The worse part of class number two were "laps". We were informed as we got to the pool that we had to do ten laps. Yes, 10. Luckily we did them wearing our fins, but it was still about 9 and a half times more of a work out than I have had in a very long time. Many people had done ten while I was finishing 6... and after I finished 8 no one really questioned me if I had actually done 10... Hey, if you're not going to ask....
We also were wearing masks and snorkels, which sounds nifty, except for the fact that we were doing laps perpendicular to the normal lanes, that still had up the floating barriers, so we had to go underneath all of those, while out of breath from the workout.

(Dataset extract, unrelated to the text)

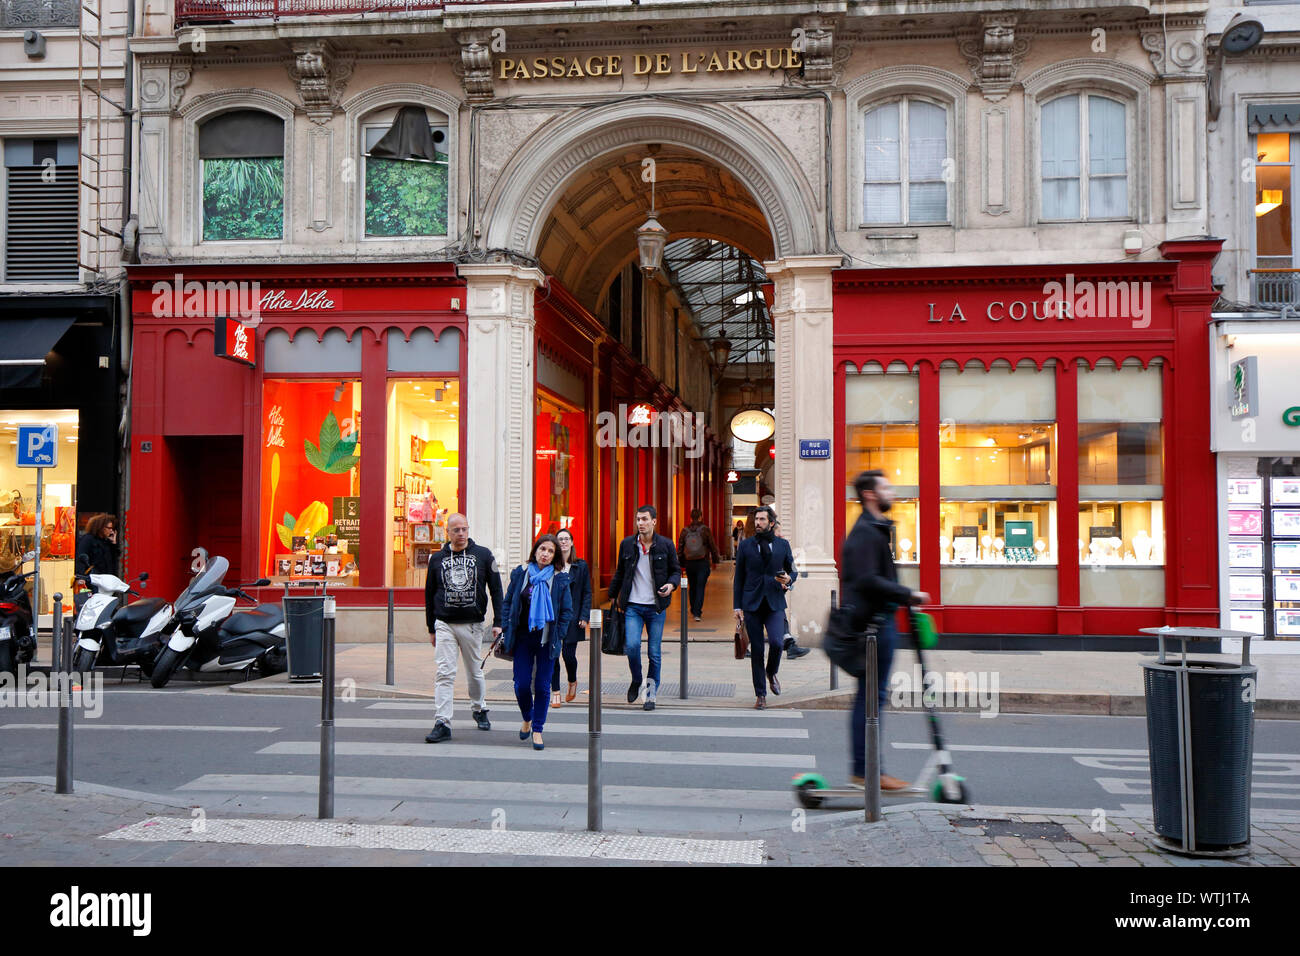 Il passaggio de l'sostengono, Rue de Brest ingresso, Lione, Francia Foto Stock
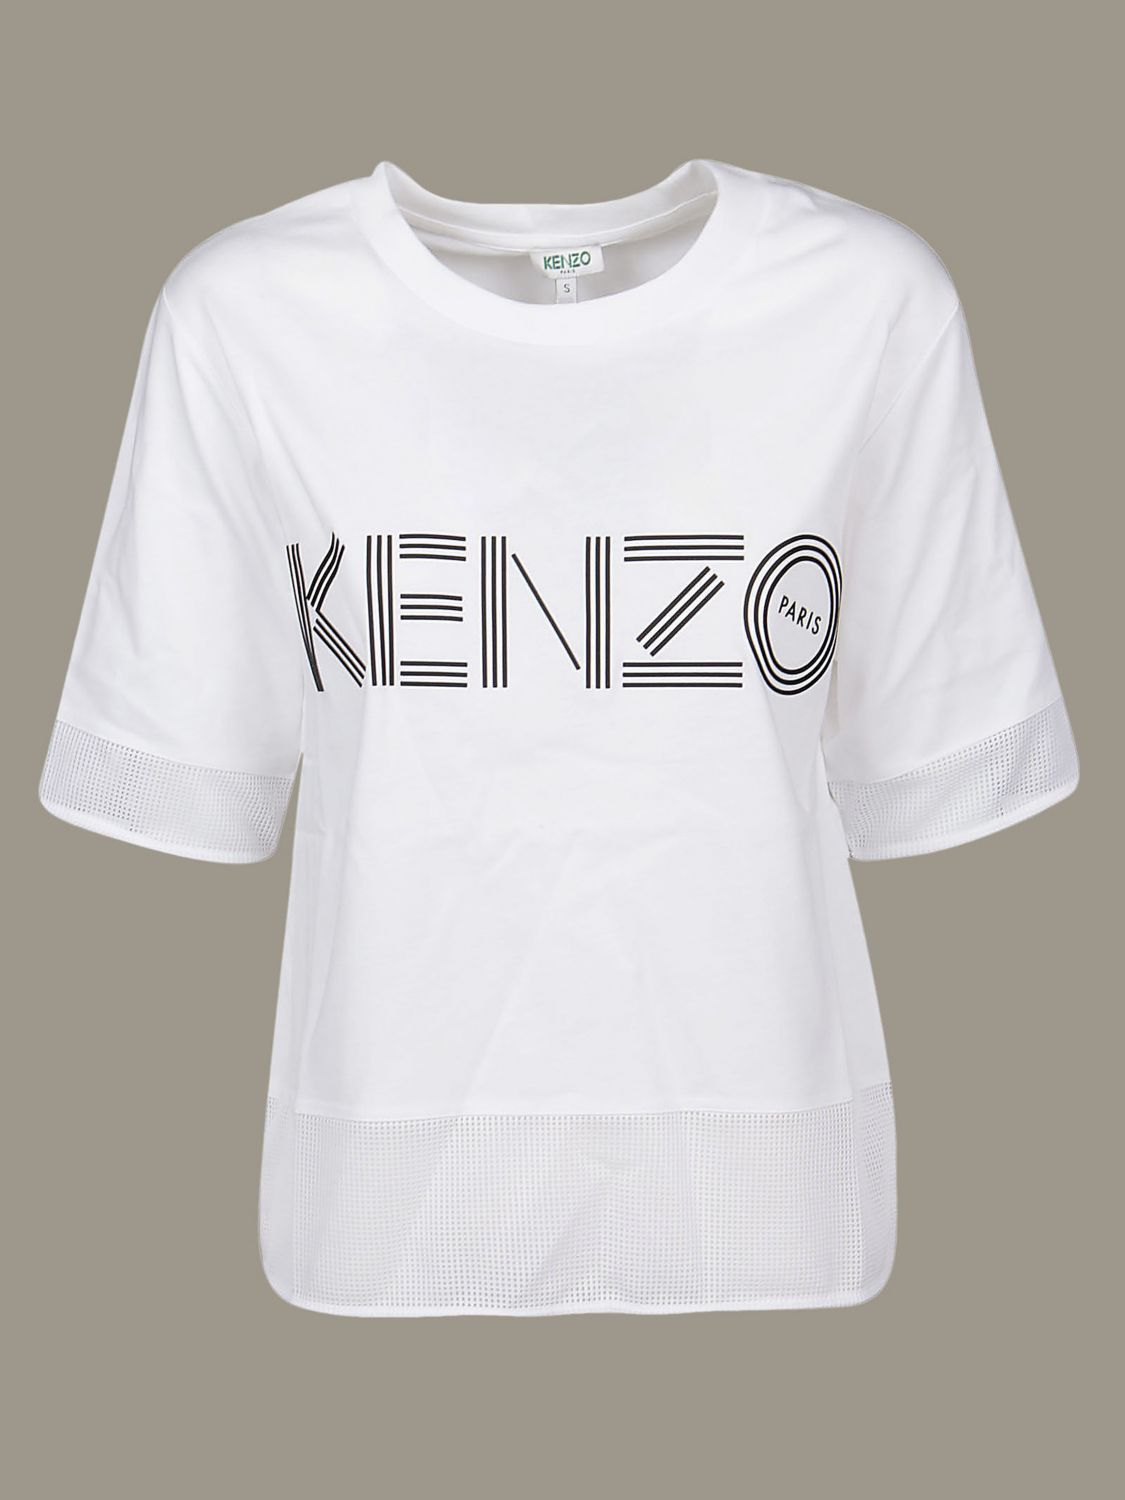 kenzo t shirt women

I had one panic moment I'll admit to as my snorkel got hung up on one of the lines. I'm not sure what happened, but all I knew was that I was snagged, and wasn't getting air. I'll also admit to a little flailing and a contortion or two.
Sitting on the bottom of the pool was cool, but swimming along the bottom into the deep end of the diving area felt like scuba for the first time, it was pretty cool. I am quite excited.
We'll leave off there for now.. so many other thoughts... so little time...
2 comments:
So glad your back! I have missed your randomness.
Good luck to your Dad, I hope everything can go as smoothly as possible for him and your whole family
So glad that you're back to blogging. Have you ever considered teaching English? (is that what you're studing? I'm going to die of embarassment if it is.) You are an amazingly talented writer. So sorry to hear about your Dad. I had no idea. Hope things go well with this treatment. You and your family will be in our prayers.